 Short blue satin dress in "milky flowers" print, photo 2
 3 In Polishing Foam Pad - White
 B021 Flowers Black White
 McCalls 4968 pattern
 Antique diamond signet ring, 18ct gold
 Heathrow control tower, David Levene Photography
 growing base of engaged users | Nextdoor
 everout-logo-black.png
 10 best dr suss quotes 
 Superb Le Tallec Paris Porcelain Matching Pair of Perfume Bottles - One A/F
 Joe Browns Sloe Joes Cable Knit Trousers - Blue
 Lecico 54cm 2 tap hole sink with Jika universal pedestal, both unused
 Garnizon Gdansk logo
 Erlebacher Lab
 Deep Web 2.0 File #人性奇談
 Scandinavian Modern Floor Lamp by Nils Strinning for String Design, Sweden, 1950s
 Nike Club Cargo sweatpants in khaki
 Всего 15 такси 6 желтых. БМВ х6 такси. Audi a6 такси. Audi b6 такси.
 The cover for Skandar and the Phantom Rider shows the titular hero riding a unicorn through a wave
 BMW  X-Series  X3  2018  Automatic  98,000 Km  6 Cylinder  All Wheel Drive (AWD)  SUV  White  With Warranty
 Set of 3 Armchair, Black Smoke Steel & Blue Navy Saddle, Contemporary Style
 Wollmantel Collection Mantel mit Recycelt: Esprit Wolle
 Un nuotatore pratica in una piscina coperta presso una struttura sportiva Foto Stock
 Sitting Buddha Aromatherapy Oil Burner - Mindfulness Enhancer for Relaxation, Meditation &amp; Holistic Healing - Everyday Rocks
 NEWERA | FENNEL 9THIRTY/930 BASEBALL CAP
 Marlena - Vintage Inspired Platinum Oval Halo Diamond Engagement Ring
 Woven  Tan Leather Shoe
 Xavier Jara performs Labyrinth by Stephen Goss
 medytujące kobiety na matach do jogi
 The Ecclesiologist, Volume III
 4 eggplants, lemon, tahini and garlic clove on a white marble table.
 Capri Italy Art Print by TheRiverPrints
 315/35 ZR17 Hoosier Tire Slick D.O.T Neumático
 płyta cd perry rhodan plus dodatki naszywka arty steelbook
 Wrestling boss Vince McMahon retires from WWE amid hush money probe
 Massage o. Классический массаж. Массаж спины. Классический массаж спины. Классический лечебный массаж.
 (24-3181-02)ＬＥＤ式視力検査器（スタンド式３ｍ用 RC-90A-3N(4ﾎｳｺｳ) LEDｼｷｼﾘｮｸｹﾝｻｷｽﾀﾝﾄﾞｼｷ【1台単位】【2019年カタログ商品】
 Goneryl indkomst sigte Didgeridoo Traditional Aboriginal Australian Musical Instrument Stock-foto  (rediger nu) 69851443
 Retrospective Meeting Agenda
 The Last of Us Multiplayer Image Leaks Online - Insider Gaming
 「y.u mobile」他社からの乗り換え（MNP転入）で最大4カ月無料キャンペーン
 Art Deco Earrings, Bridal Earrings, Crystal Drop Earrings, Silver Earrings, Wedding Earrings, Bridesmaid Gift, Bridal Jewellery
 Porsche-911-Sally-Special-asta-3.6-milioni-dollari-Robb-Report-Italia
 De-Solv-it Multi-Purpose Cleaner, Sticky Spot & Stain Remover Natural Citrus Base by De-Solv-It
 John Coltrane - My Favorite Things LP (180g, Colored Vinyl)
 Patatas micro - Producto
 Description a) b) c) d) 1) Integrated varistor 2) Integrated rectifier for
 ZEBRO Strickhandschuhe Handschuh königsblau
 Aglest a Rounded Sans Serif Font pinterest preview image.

####

Assignment. In the listing above, locate the line with "McCalls 4968 pattern" and the line with "Un nuotatore pratica", then extract exactly those lines and every line between them, and nothing more.

Written response.
 McCalls 4968 pattern
 Antique diamond signet ring, 18ct gold
 Heathrow control tower, David Levene Photography
 growing base of engaged users | Nextdoor
 everout-logo-black.png
 10 best dr suss quotes 
 Superb Le Tallec Paris Porcelain Matching Pair of Perfume Bottles - One A/F
 Joe Browns Sloe Joes Cable Knit Trousers - Blue
 Lecico 54cm 2 tap hole sink with Jika universal pedestal, both unused
 Garnizon Gdansk logo
 Erlebacher Lab
 Deep Web 2.0 File #人性奇談
 Scandinavian Modern Floor Lamp by Nils Strinning for String Design, Sweden, 1950s
 Nike Club Cargo sweatpants in khaki
 Всего 15 такси 6 желтых. БМВ х6 такси. Audi a6 такси. Audi b6 такси.
 The cover for Skandar and the Phantom Rider shows the titular hero riding a unicorn through a wave
 BMW  X-Series  X3  2018  Automatic  98,000 Km  6 Cylinder  All Wheel Drive (AWD)  SUV  White  With Warranty
 Set of 3 Armchair, Black Smoke Steel & Blue Navy Saddle, Contemporary Style
 Wollmantel Collection Mantel mit Recycelt: Esprit Wolle
 Un nuotatore pratica in una piscina coperta presso una struttura sportiva Foto Stock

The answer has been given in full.